According to Z136.1 ANSI laser safety standards, results from Table 4 suggest that an accidental exposure to skin in immediate proximity of the probe tip needs to be avoided. As with accidental eye exposure, standard operating procedures in an operating room and staff training would make such an accidental exposure highly unlikely.
As for intentional laser exposure to tissue, the MPE for skin was exceeded up to a factor of 18 in this study yet no tissue damage was observed in the form of tissue discoloration or tissue burning. The cumulative thermal dose CEM43 °C was used a metric for evaluating dangerous laser exposure to tissues in a clinical setting. Temperature differences observed in Fig. 7 over a 60 s laser exposure would not expose live muscle or adipose tissue to a thermal dose exceeding CEM43 °C = 5 min. This assessment has its limits since live tissue will have circulation of whole blood which has an absorption coefficient μa = 0.34–0.54 mm−1 at 785 nm.41 This absorption will increase temperature locally and increase the thermal dose on the interrogated area. Laser exposure to stagnant rat blood showed a difference of temperature that would exceed CEM43 °C > 5 min following ≥11 s of laser exposure from the system if added to the average basal temperature of 36.9 °C of mammals. Knowing that blood circulates through live tissue and dissipates heat, laser exposure to stagnant blood presents a worse-case scenario for a temperature increase following laser exposure at 785 nm. We add that anaesthesia of patients during surgical procedures usually causes a decrease in body temperature (<36.0 °C).42 The permissible thermal dose through laser exposure with the system would therefore be greater during surgical procedures. With these results, it is expected that in live tissues during surgery, temperature differences and total heat exposure to tissue following the system's laser exposure will be between what was observed in adipose/muscle tissue and stagnant blood.

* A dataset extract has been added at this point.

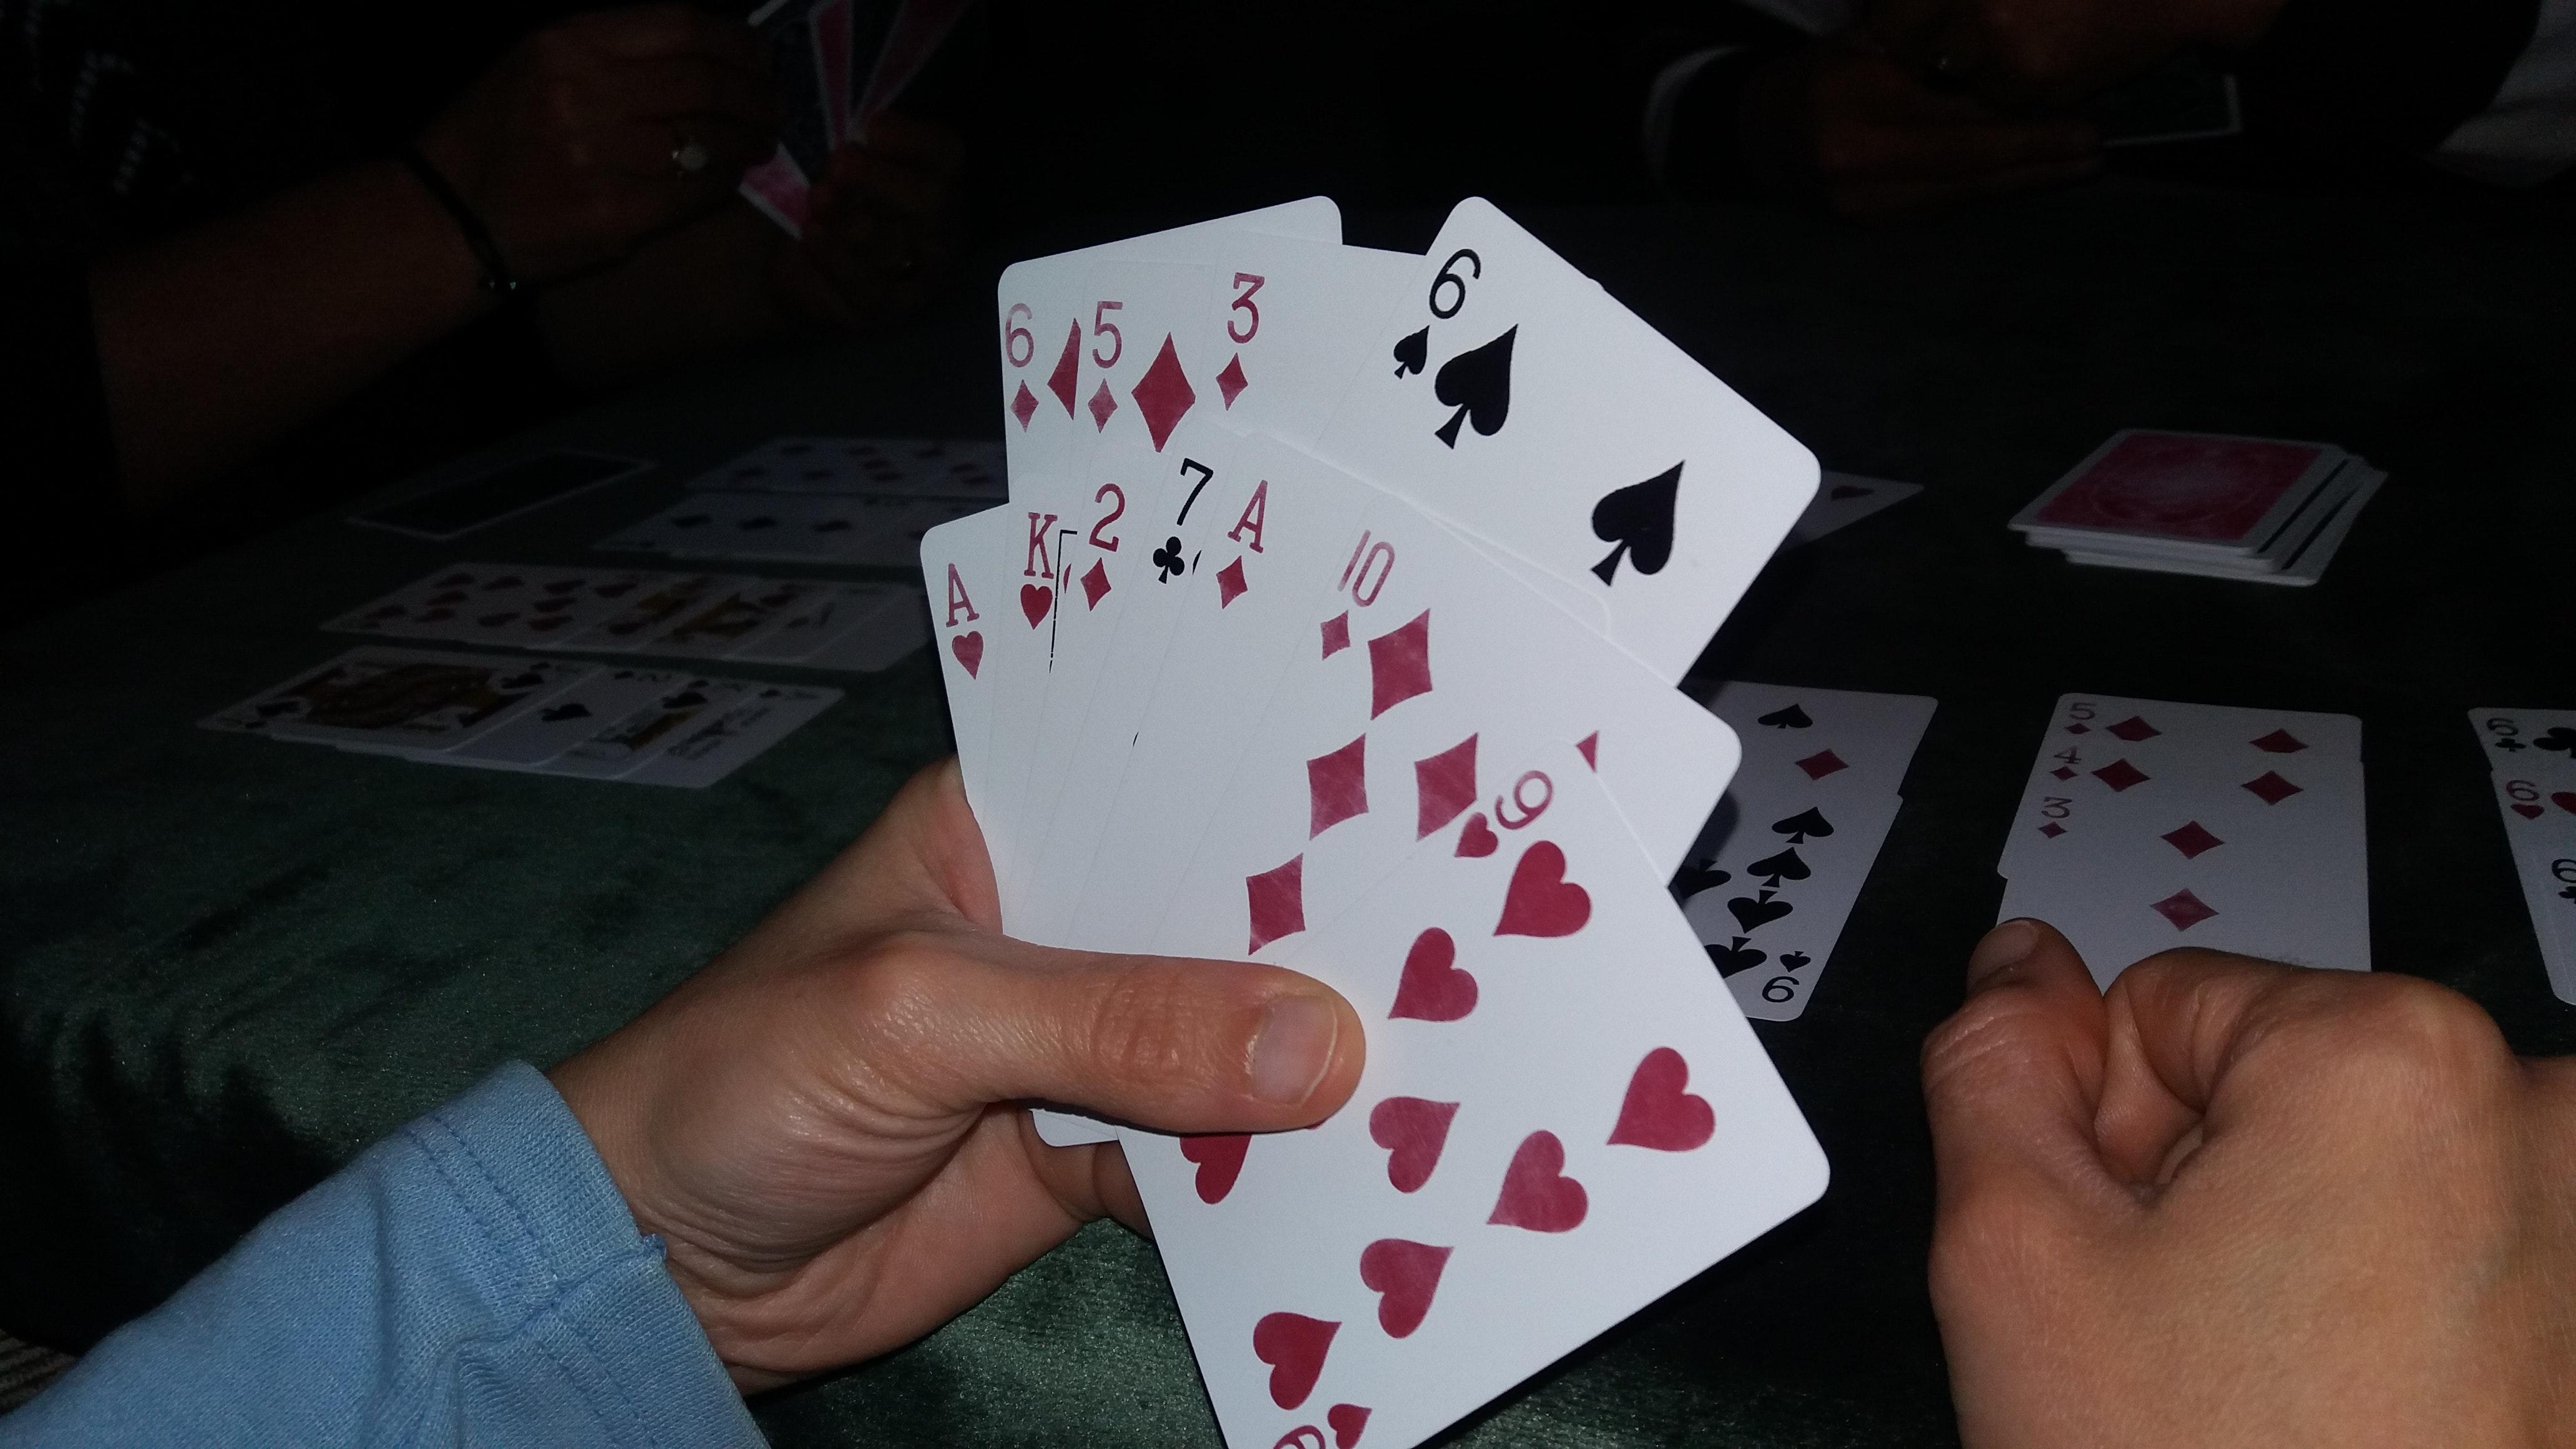 Bermain Poker Online Terpercaya 2019, Hindari Kekeliruan yang Dilakukan

We conclude that, in accordance with the literature, we can safely and intentionally exceed the MPE for skin set by the ANSI standard by a factor of 10.5 s/0.4 s = 26 when performing Raman imaging with this system in live tissue. We are further confident with this assessment since our experiment was conducted in a worse-case scenario due to the absence of blood flow in the interrogated blood sample of this study, as opposed to live tissue, where heat transfer occurs by convection from blood perfusion.43 Additionally, a cooling effect from cold air blown onto the tissue could help control local temperature increase such as in some laser therapies in skin.44 The observed temperature differences observed are therefore much higher than one would expect in an in vivo setting. When intentionally exceeding the ANSI MPE for skin in a clinical setting, we recommend monitoring the surface temperature to assess and ensure that heat generated by laser exposure to tissues never exceeds known safe CEM43 °C.